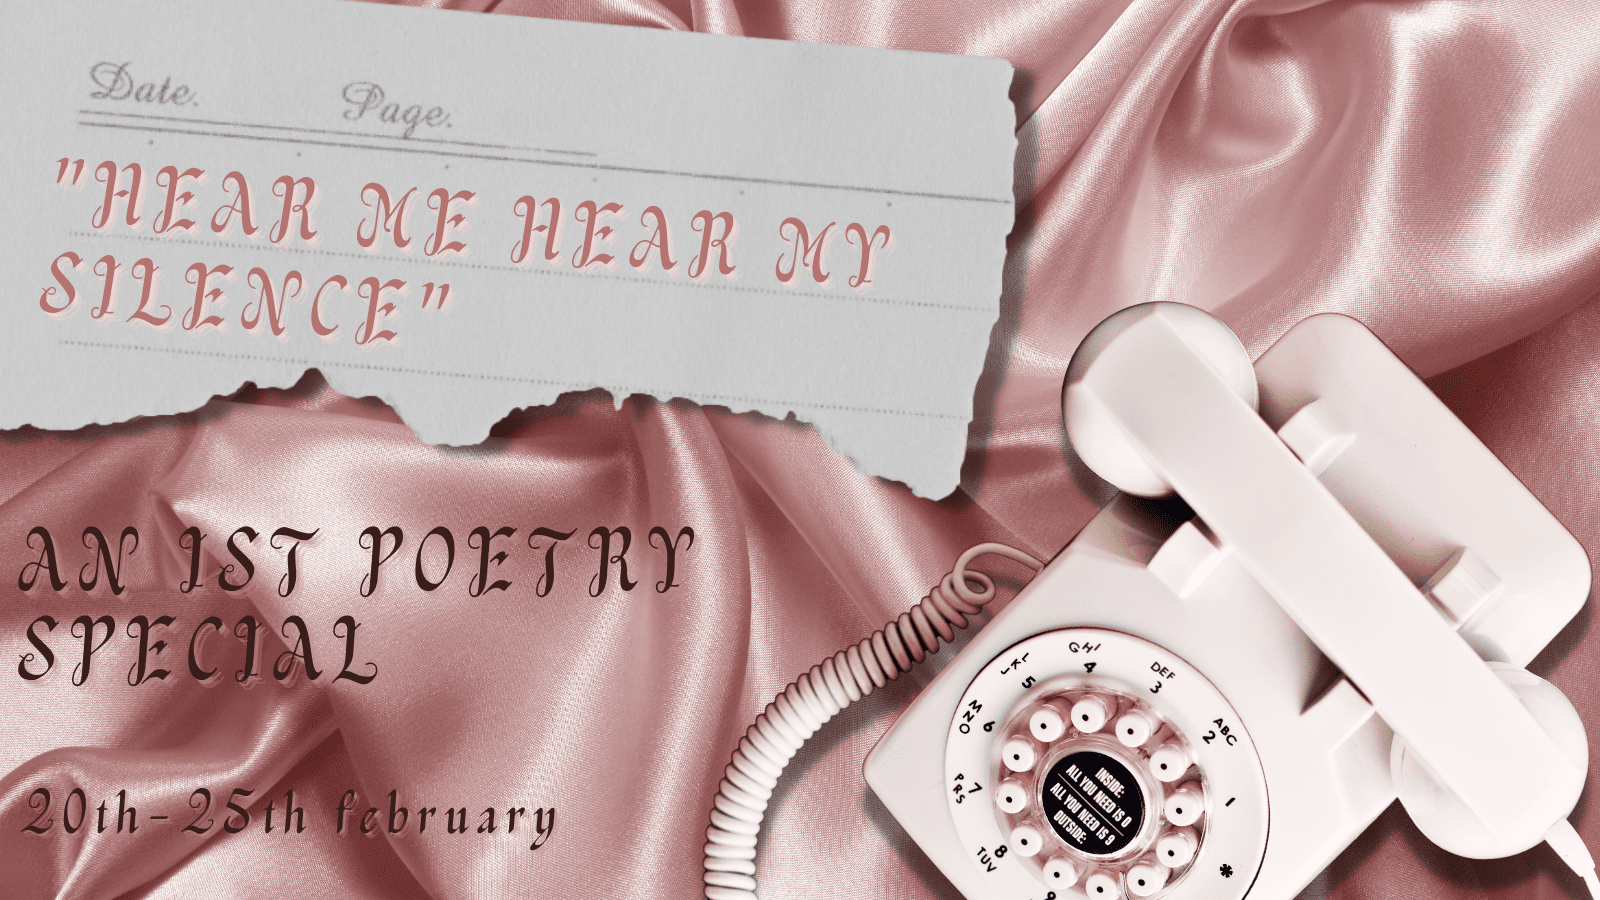 Text on a diary page saying "hear me, hear my silence", an IST poetry special, 20th to the 25th February
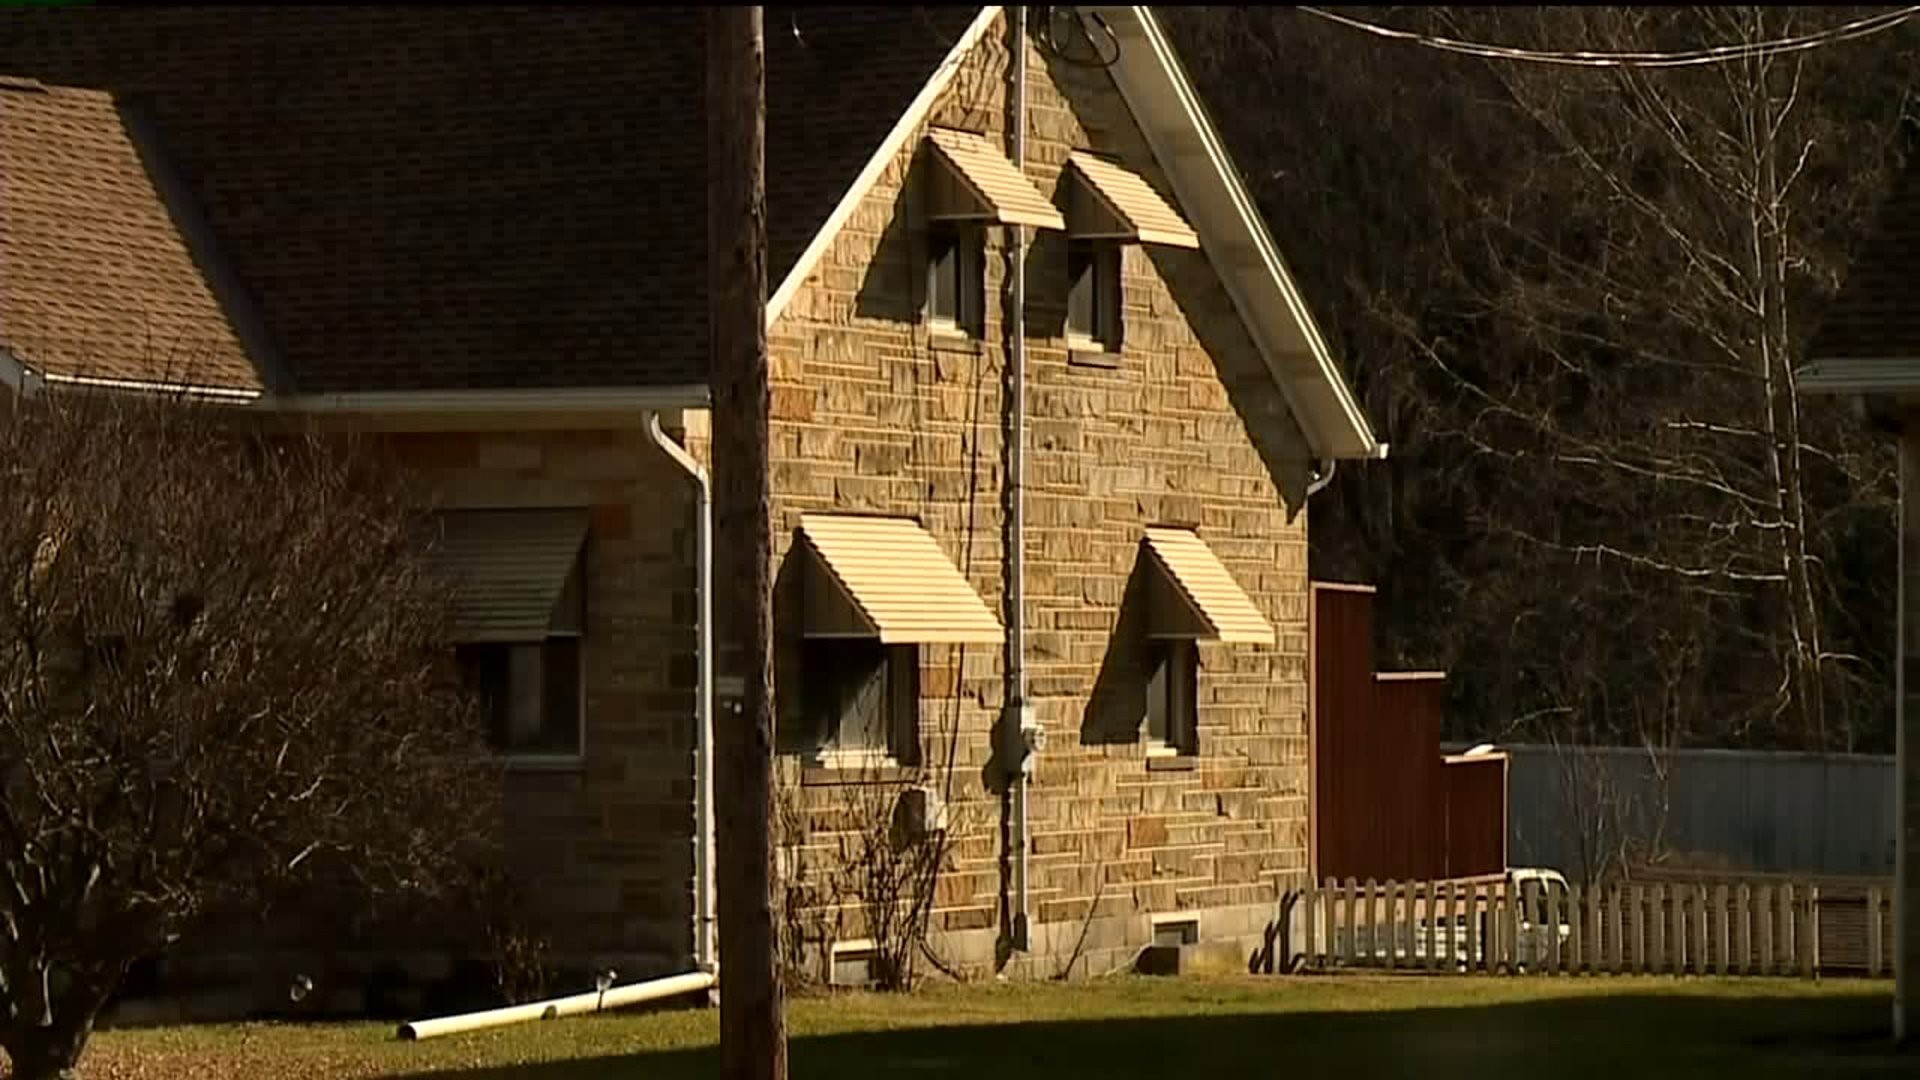 Two Dead in Murder-Suicide in Carbon County
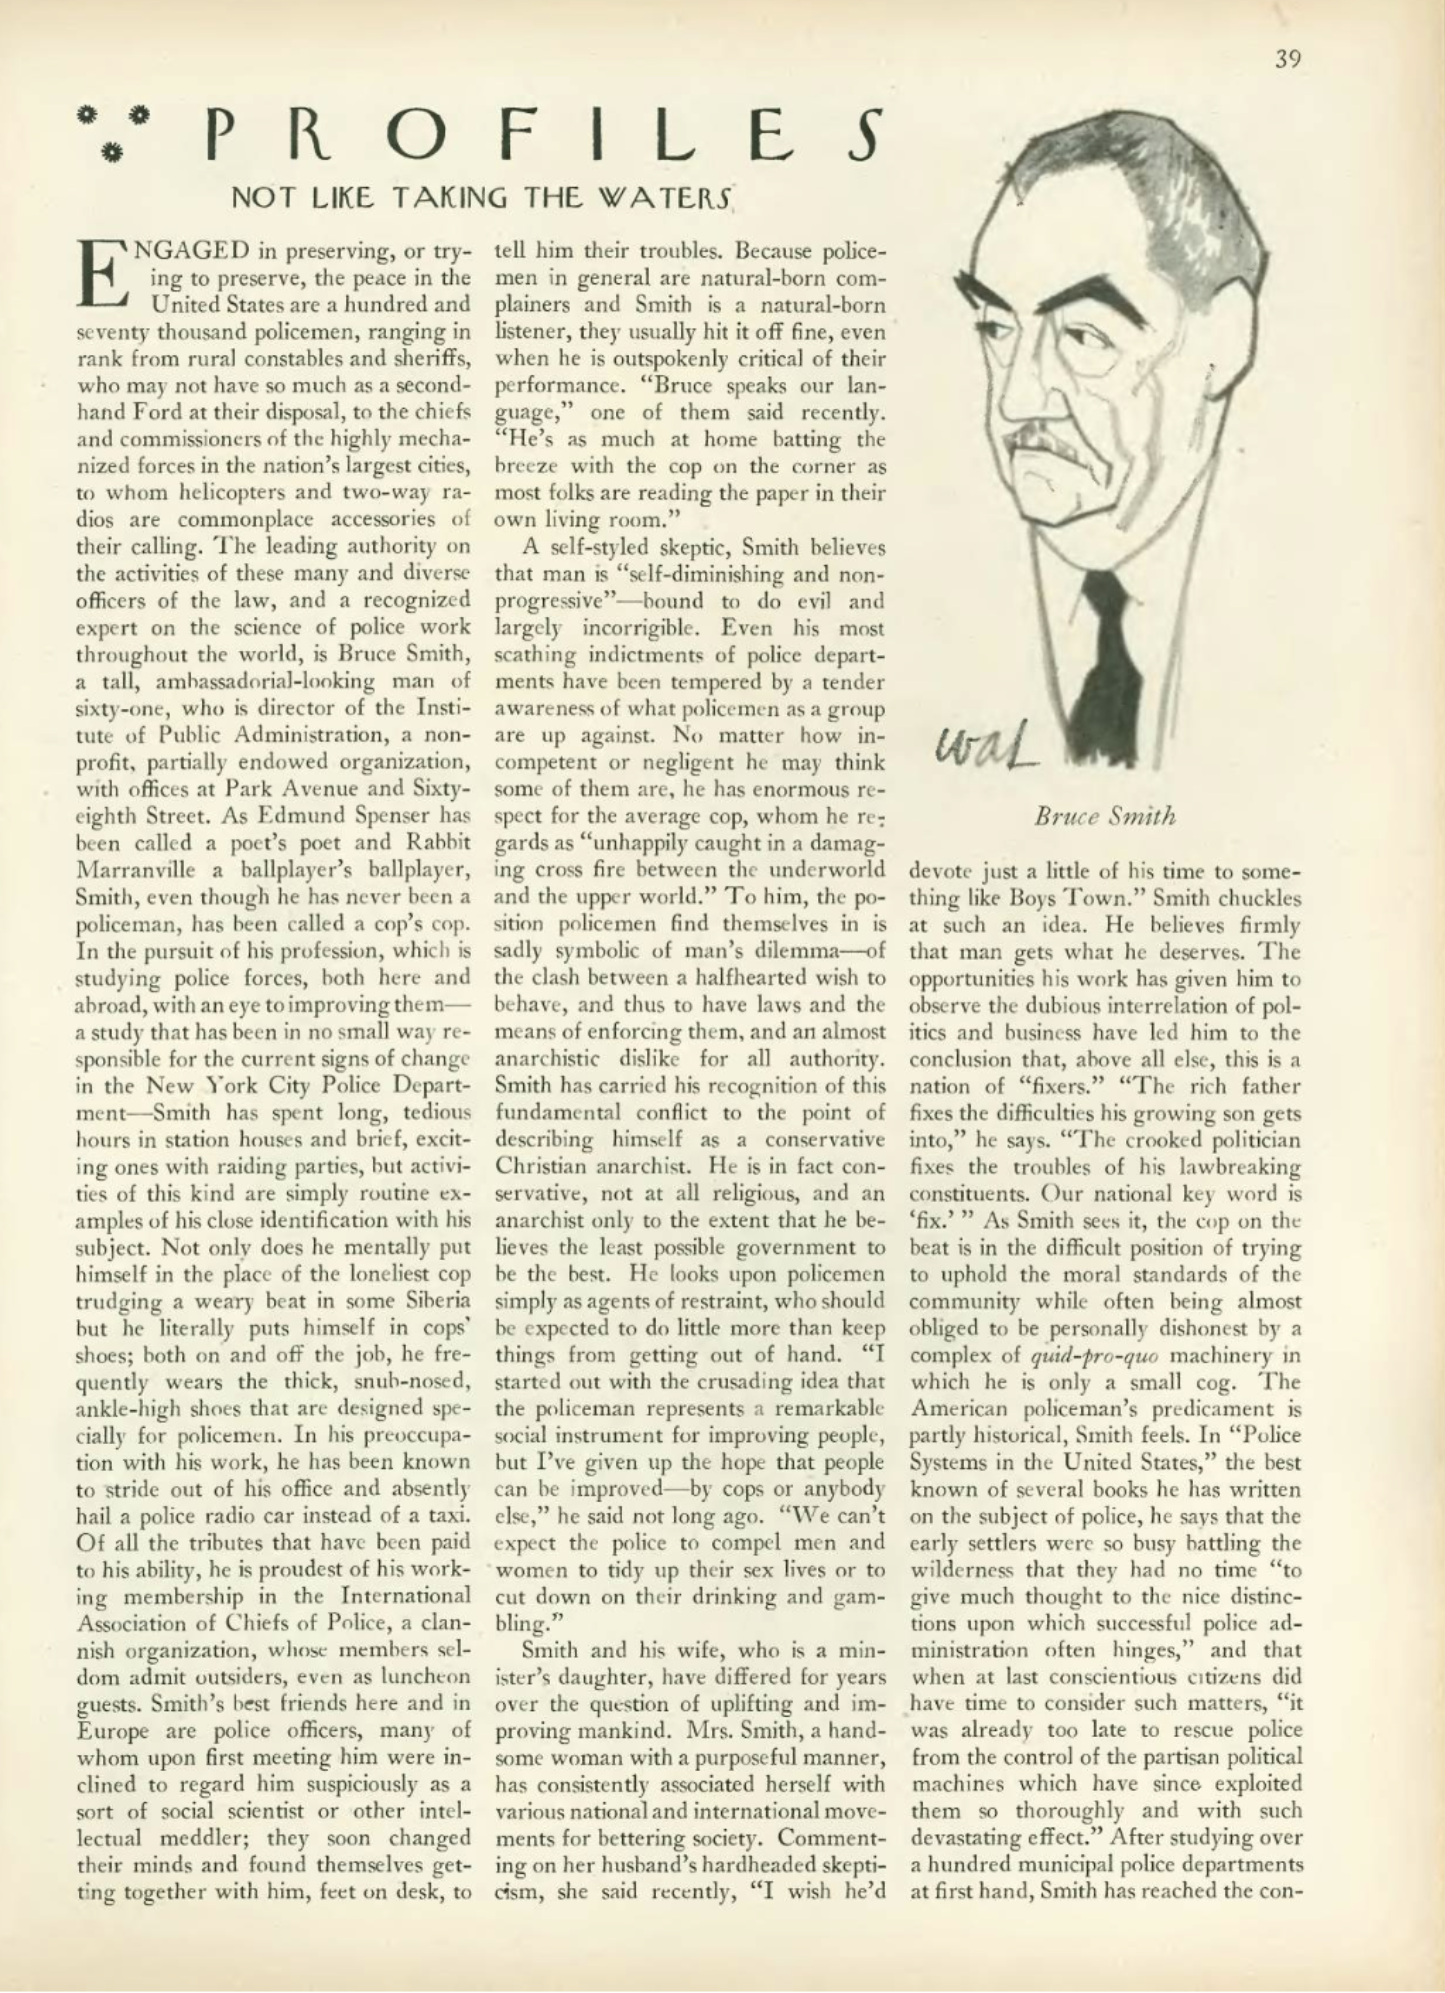 Bruce Smith: Police Reformer/ The New Yorker/ February 27, 1954
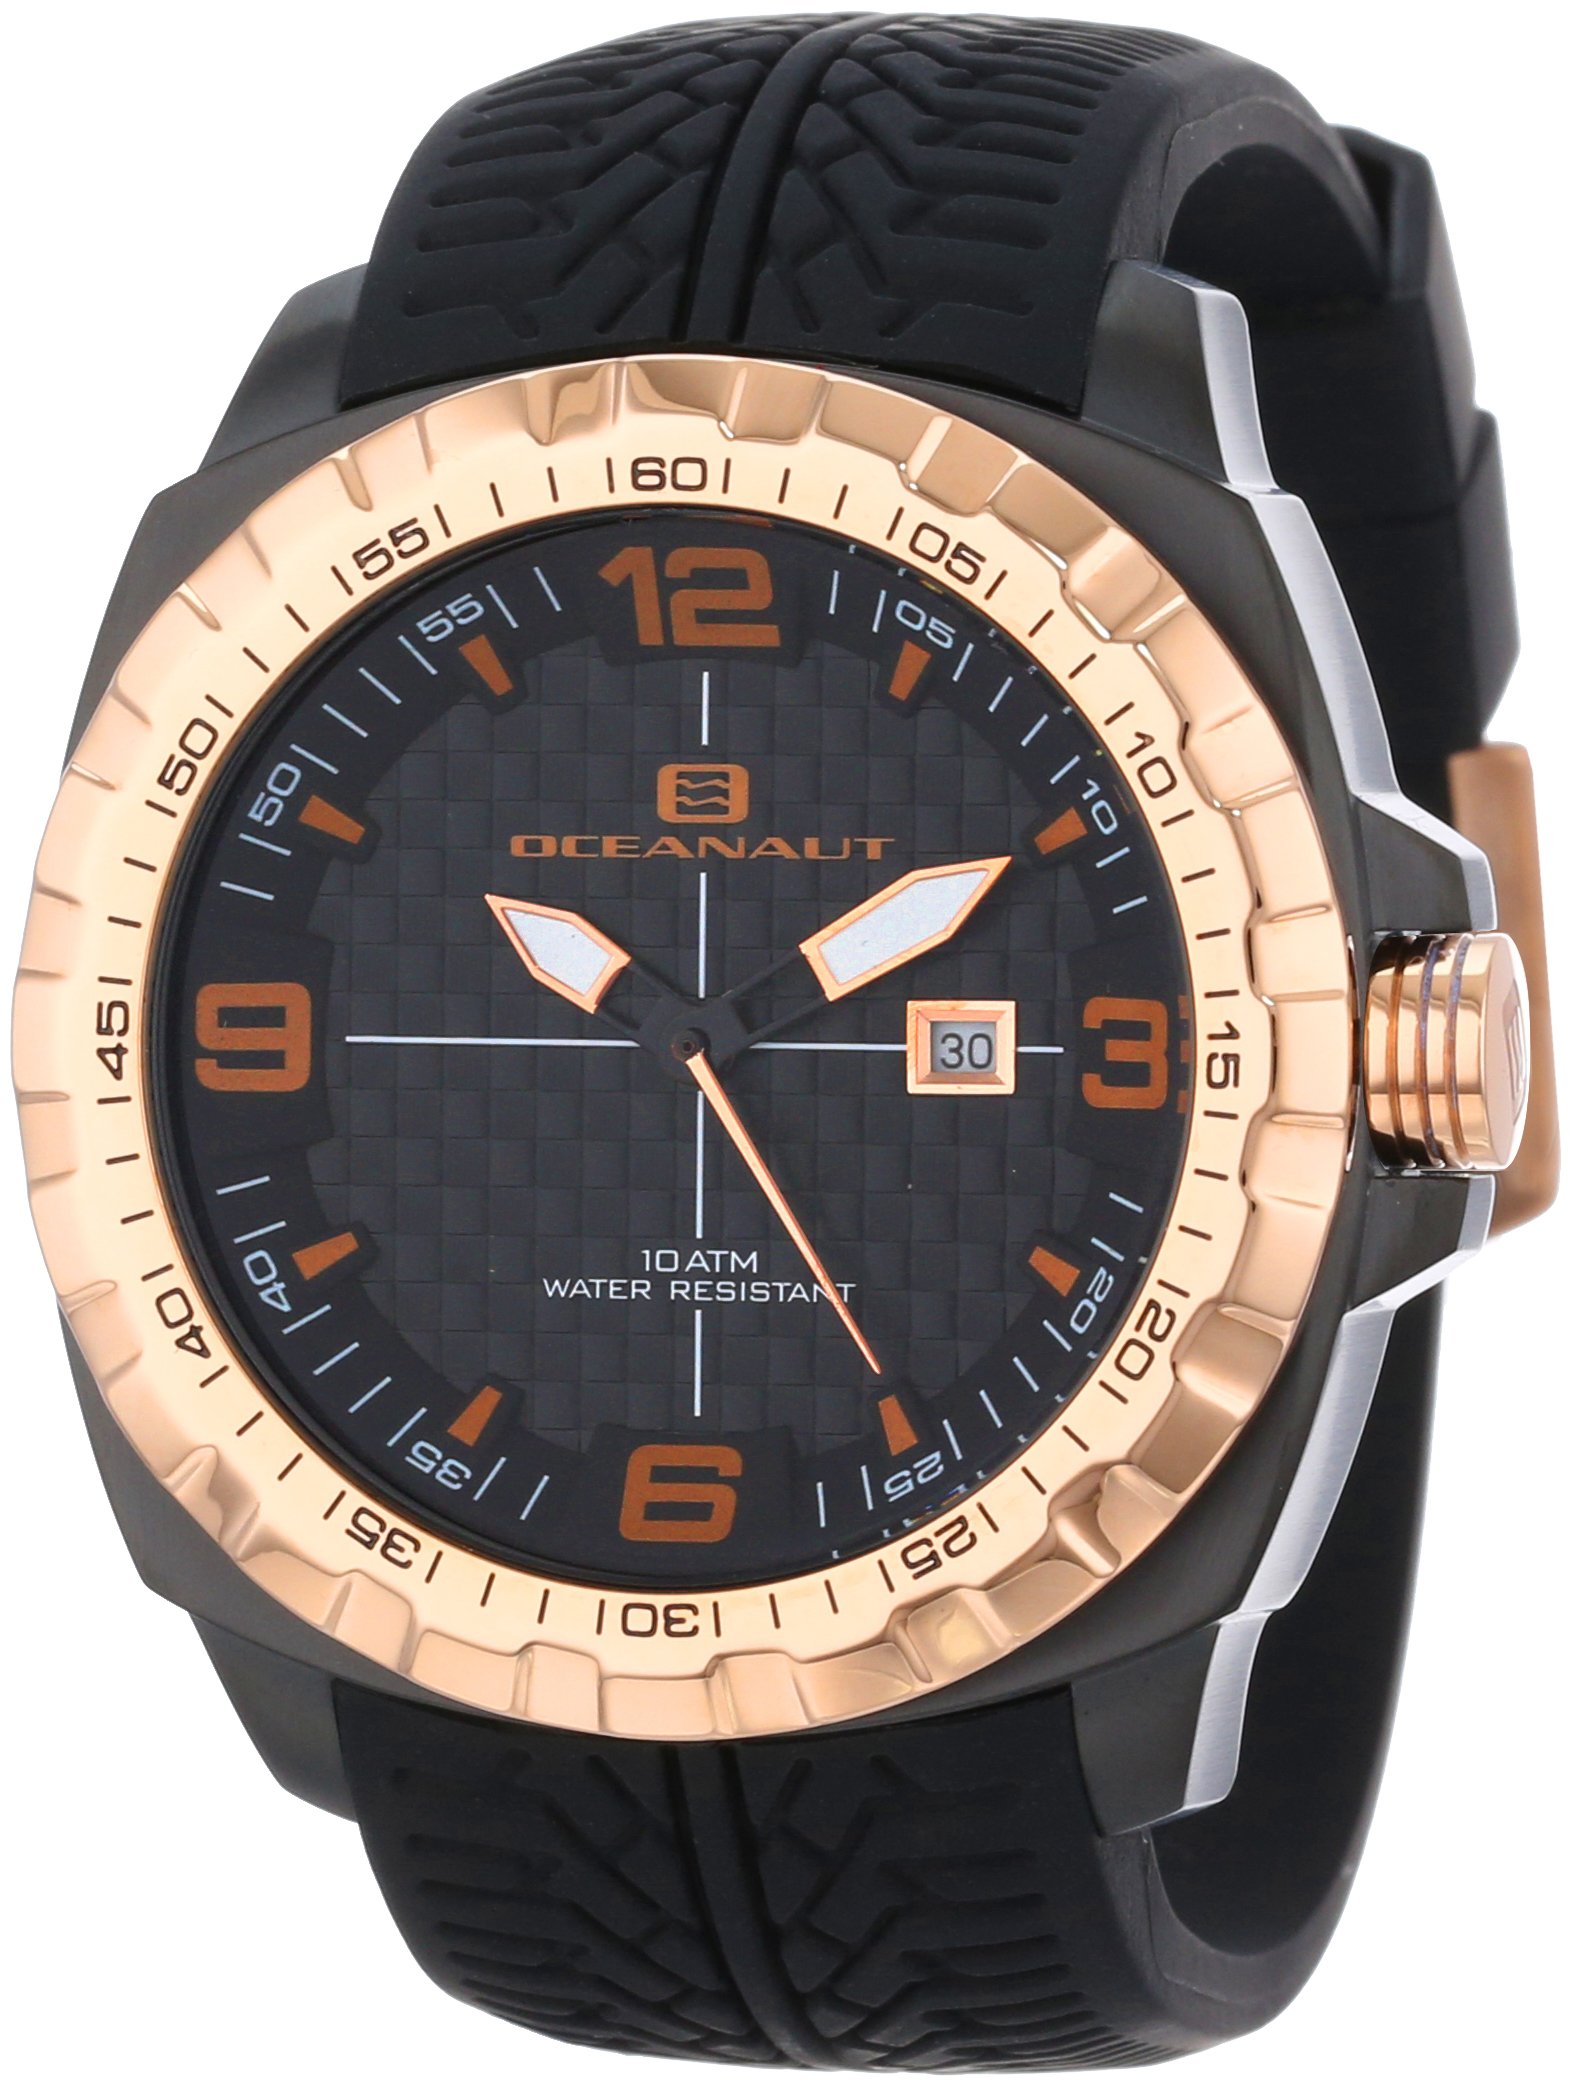 Oceanaut Men's OC1111 Racer Black and Gold-Tone Stainless Steel Watch with Black Silicone Band
-------
* [Prompt] Set down the entire material verbatim, with each picture left out.

* [Answer below]
 Text on a diary page saying "hear me, hear my silence", an IST poetry special, 20th to the 25th February
 Two Dead in Murder-Suicide in Carbon County
 Bruce Smith: Police Reformer/ The New Yorker/ February 27, 1954
 Oceanaut Men's OC1111 Racer Black and Gold-Tone Stainless Steel Watch with Black Silicone Band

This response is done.